The FBI also obtained copies of bank records of proindependence groups. The FBI would gather this material through a contact at the main office of Banco Popular.

Among the organizations targeted by the FBI were, in addition to the Puerto Rican Socialist Party, the Puerto Rican Independence Party, the Nationalist Party, the Socialist League, the Puerto Rican Communist Party, and other left-wing groups.

The latest information about the FBI's activities comes in the wake of a stepped-up campaignof harassment of proinde-pendence militants related to the recently concluded strike at the Aqueducts and Sewers Authority.  
 

January 23, 1950

Truman has given the green light to Robert N. Denham, NLRB General Counsel, to invoke a Taft-Hartley injunction against the embattled coal miners, some 90,000 of whom last week decided not to accept John L. Lewis's "suggestion" that they discontinue their "rolling" strike begun January 9.

Although the United Mine Workers has not had a hearing before the National Labor Relations Board, Denham on Jan. 18 petitioned the Federal District Court to issue a temporary injunction to prevent the miners from engaging in any action in support of their contract demands which he claims are "unfair labor practices" under the Taft-Hartley Act. Judge Richmond Keech promptly set Jan. 26 as the date for a hearing.

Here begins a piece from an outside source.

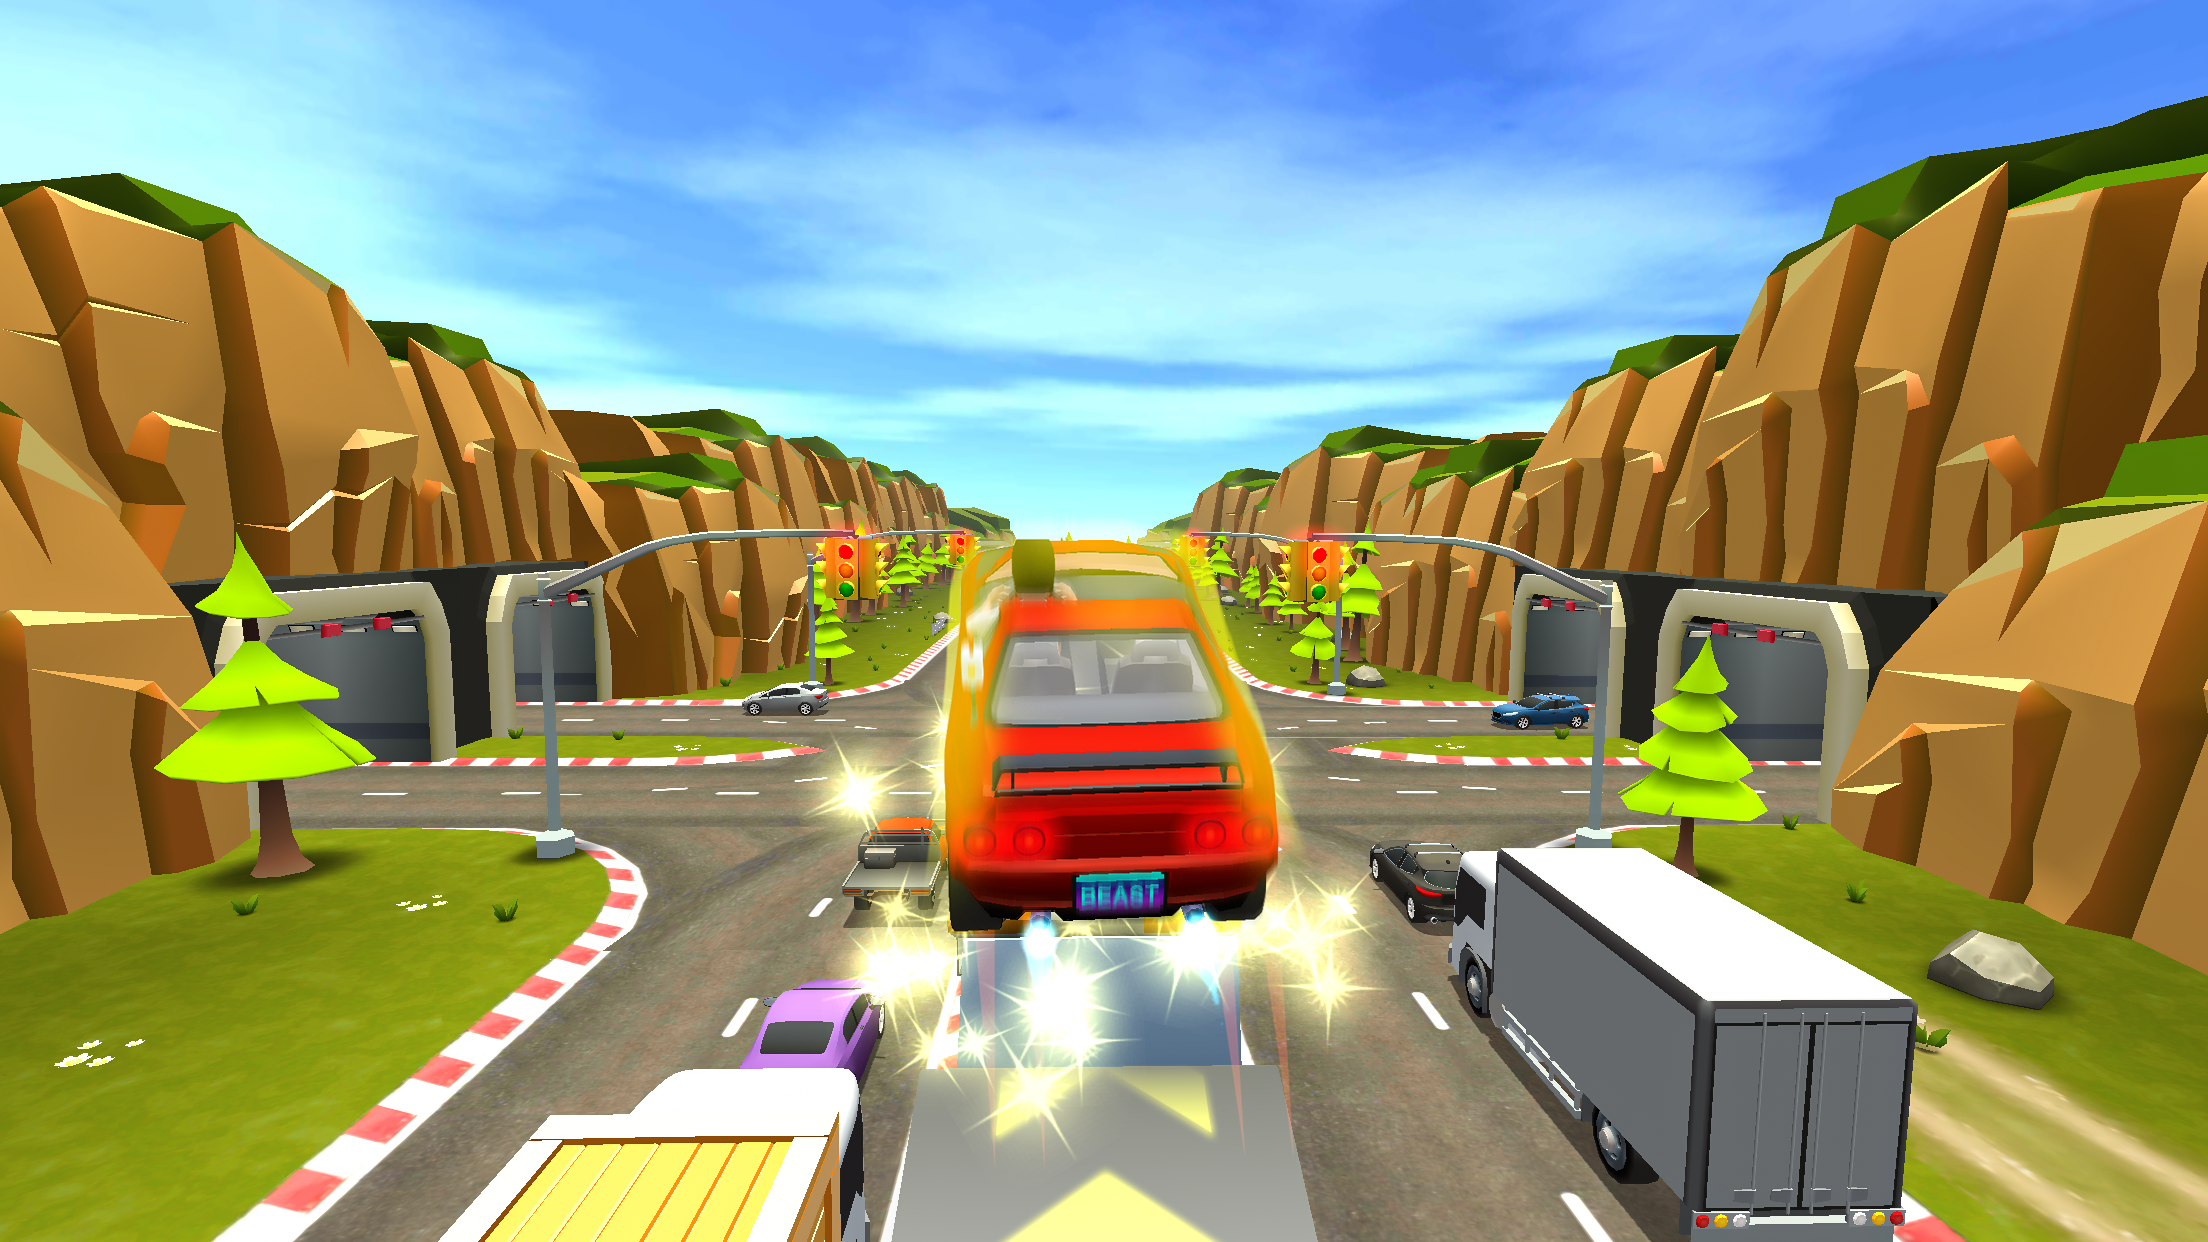 Screenshot 1 of Phanh hỏng 2: Trò chơi đụng xe 6.9

This move brings out into the open the conspiracy of the coal operators and the government to put legal shackles on the miners and deal them a crushing defeat. The "Hate Lewis" mob think the moment is ripe to beat down the miners who have been the spearhead of American labor militancy in the last decade. Then the way will be cleared, Big Business thinks, to "deal with" the other unions, particularly the CIO.